RF was selected as the modelling approach for two key reasons: First, gas holdup exhibits non-linear relationships with input parameters, making linear models suboptimal. Second, RF’s ensemble nature provides robustness against overfitting. We have also included results with linear regression model (which could be considered as one of the baselines). As the number of attributes and data points are not very large, deep learning approach was not considered.

Optimization of model hyper-parameters using GA

GA starts by creating an initial set of potential solutions. Every trial solution is a unique combination of five hyperparameters for our model. The fitness function typically corresponds to a performance metric such as mean square error or R² score. R² score indicates the variance proportion in the designated target variable (gas holdup) which can be explained by the input features of RF. For higher R² score values, the regression model will be better fit for the input data. The R² score equation is given as,

$${\text{R}}^{2} = 1 - \left( {{\text{SSR}}/{\text{SST}}} \right)$$

where SSR is the sum of the squared differences between the model predictions and the actual values for gas holdup. And SST represents the total sum of squared differences between the actual values and the mean of the actual values of gas holdup. In this work we have used the R² score as the fitness function. Each solution’s fitness is determined by training the model using the specific set of hyperparameters on a training dataset and assessing its performance on a separate validation dataset. Each solution is a real valued vector. Each element of the vector corresponds to a specific hyper-parameter.

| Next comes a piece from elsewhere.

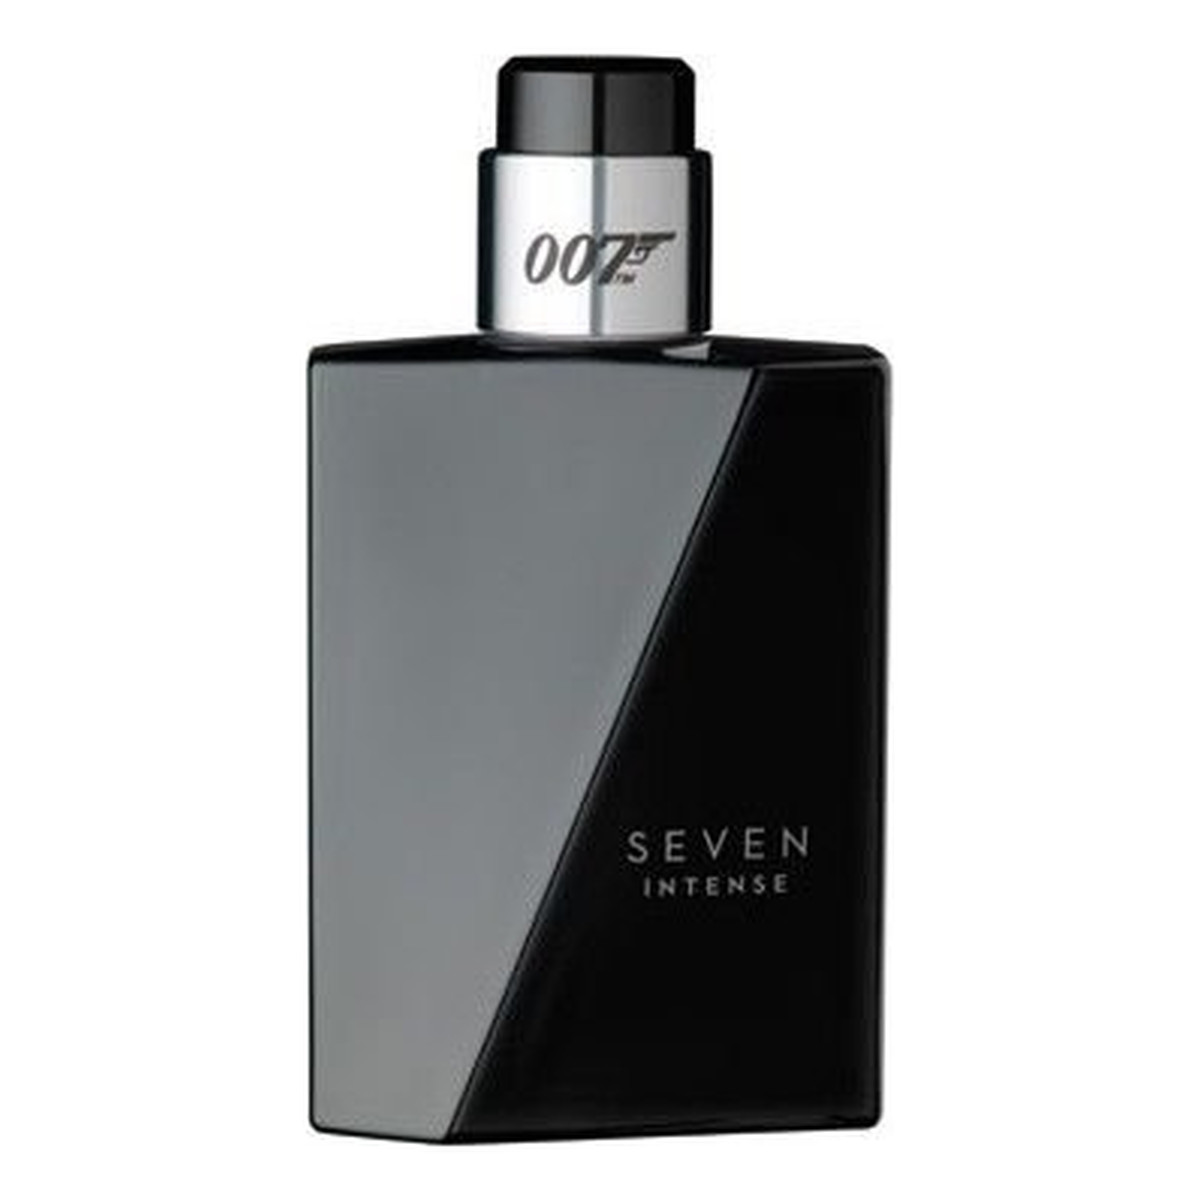 James Bond 007 Seven Woda perfumowana 75ml

As all the hyper-parameters take only integer values, the real values are rounded to the nearest integer before fitness evaluation.

Choice of the genetic operations

• Selection: Several selection operators are available in GA literature, we chose tournament selection²⁵ as it is a common selection operator employed to select solutions from the set for reproduction based on their fitness values. It is a probabilistic selection method that mimics the concept of a tournament, where individuals compete against each other to determine their chances of being selected.

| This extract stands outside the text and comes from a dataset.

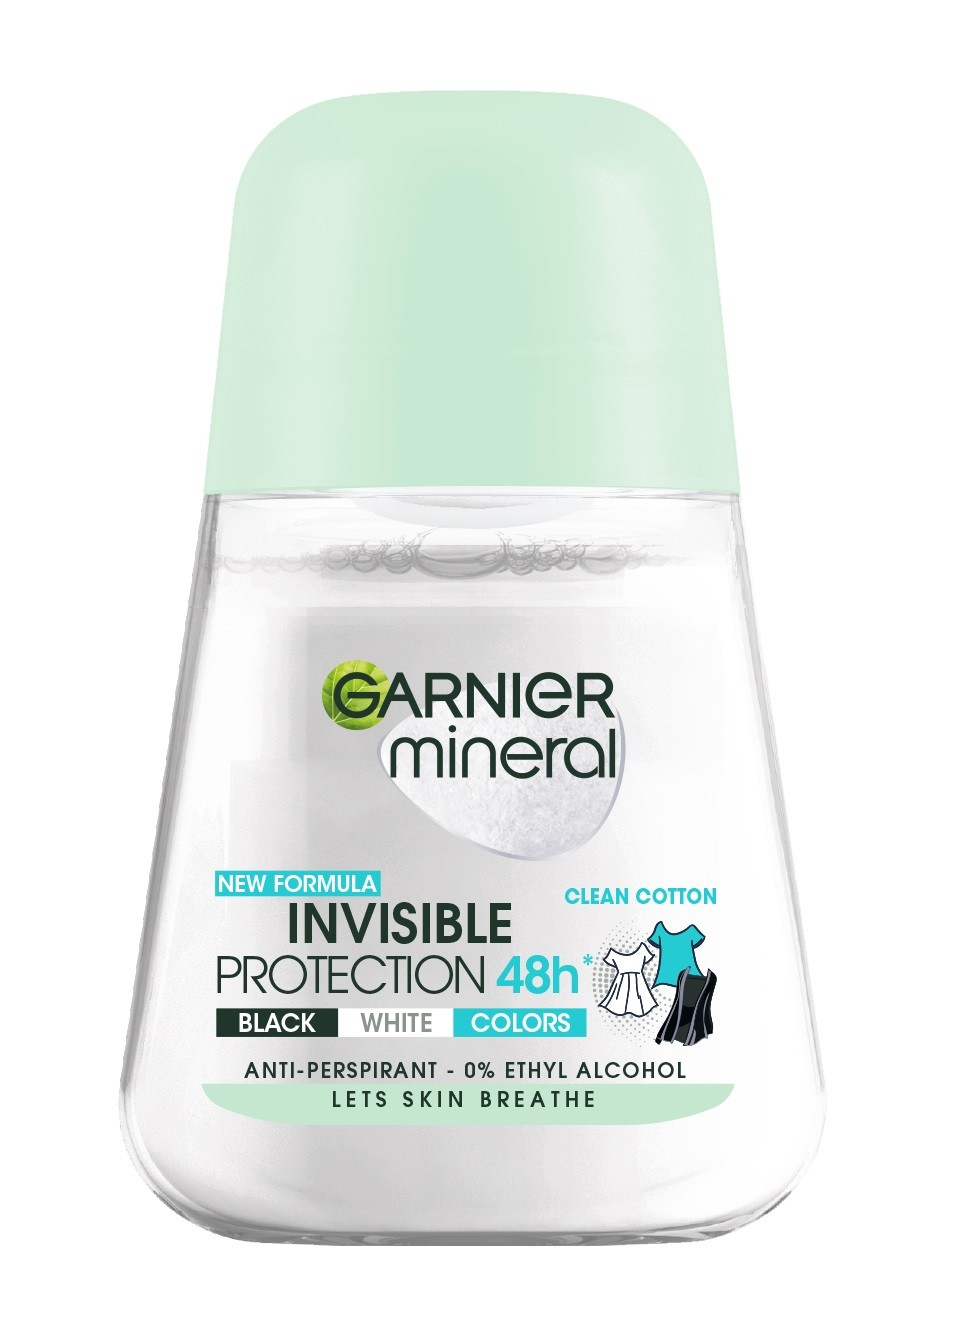 Garnier Mineral Dezodorant roll-on Invisible Protection 48h Clean Cotton- Black,White,Colors   50ml

• Crossover: Simulated Binary Crossover (SBX) is widely employed genetic operators in real-coded GA for problems where the solutions are represented as real-valued vectors²⁶²⁷. SBX is a crossover operator designed to mimic the crossover process in binary-coded GA but adapted for real-valued representations. It has a parameter called distribution index (η) which controls the variance of the crossover simulations. It influences the probability of generating offspring close to the parents or exploring further away in the problem landscape. Increase in η tends to generate offsprings in the neighbourhood of the parents, while a lower value promotes exploration of distant regions.

• Mutation: Polynomial Mutation²⁸ is a popular mutation operator used in real-coded GA to introduce random changes to the gene values within a solution. Polynomial mutation operator modifies values of genes based on a polynomial distribution. A parameter known as the distribution index (µ) controls the polynomial distribution shape which is used to perturb the gene values. It affects the magnitude of the mutation. Larger values of µ generate a larger perturbation, while a lower value produces smaller perturbations.

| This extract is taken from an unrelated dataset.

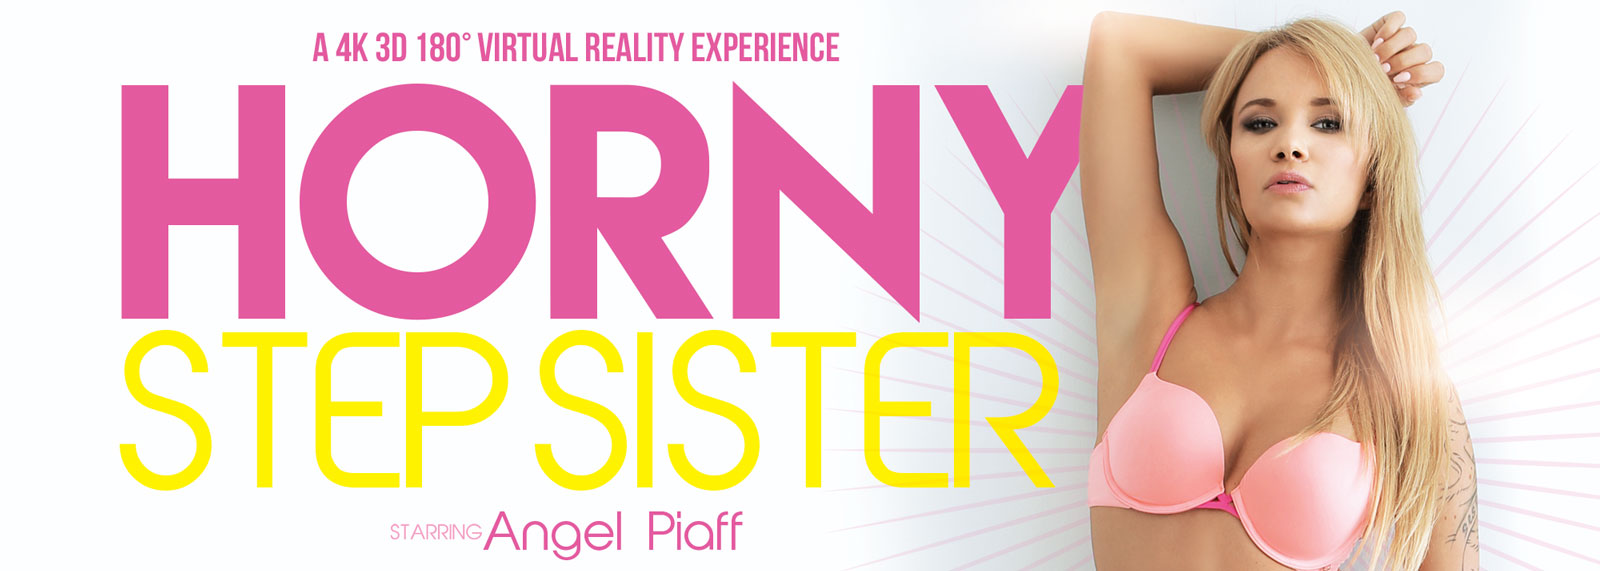 Horny Step Sister - VR Porn Video, Starring: Angel Piaff

Both mutation and crossover operations are applied elementwise, individually to each element (gene) of the parents to produce offspring. A random number is uniformly generated between the range of 0 and 1 for every element. If this number is below a specified threshold, that element of the offspring is generated by performing genetic operations on the corresponding elements of the parents. For crossover, if the ith element is selected, then the ith element of the offspring is generated via crossover operation on the corresponding elements of the parents, else if it is not selected, the ith element of any of the parent is directly used as the ith element of the offspring. Similarly in the case of mutation, if the ith element is selected, the mutation operator perturbs the ith element of the single parent, else its ith element is directly used as the ith element of the offspring. The thresholds are known as probability of mutation (p_m) and probability of crossover (p_c). For crossover, it is usually set to a high value and for mutation, it is set as 1/ (total number of elements). We set the values of parameters of these operations to the values which have been commonly used to solve various problems²⁷. The parameter values are set as follows: for SBX crossover, the probability of crossover (p_c) is 0.9 and the distribution index (η) is 2. And for mutation, the probability of mutation (p_m) is 1/5 and the distribution index (µ) is 50.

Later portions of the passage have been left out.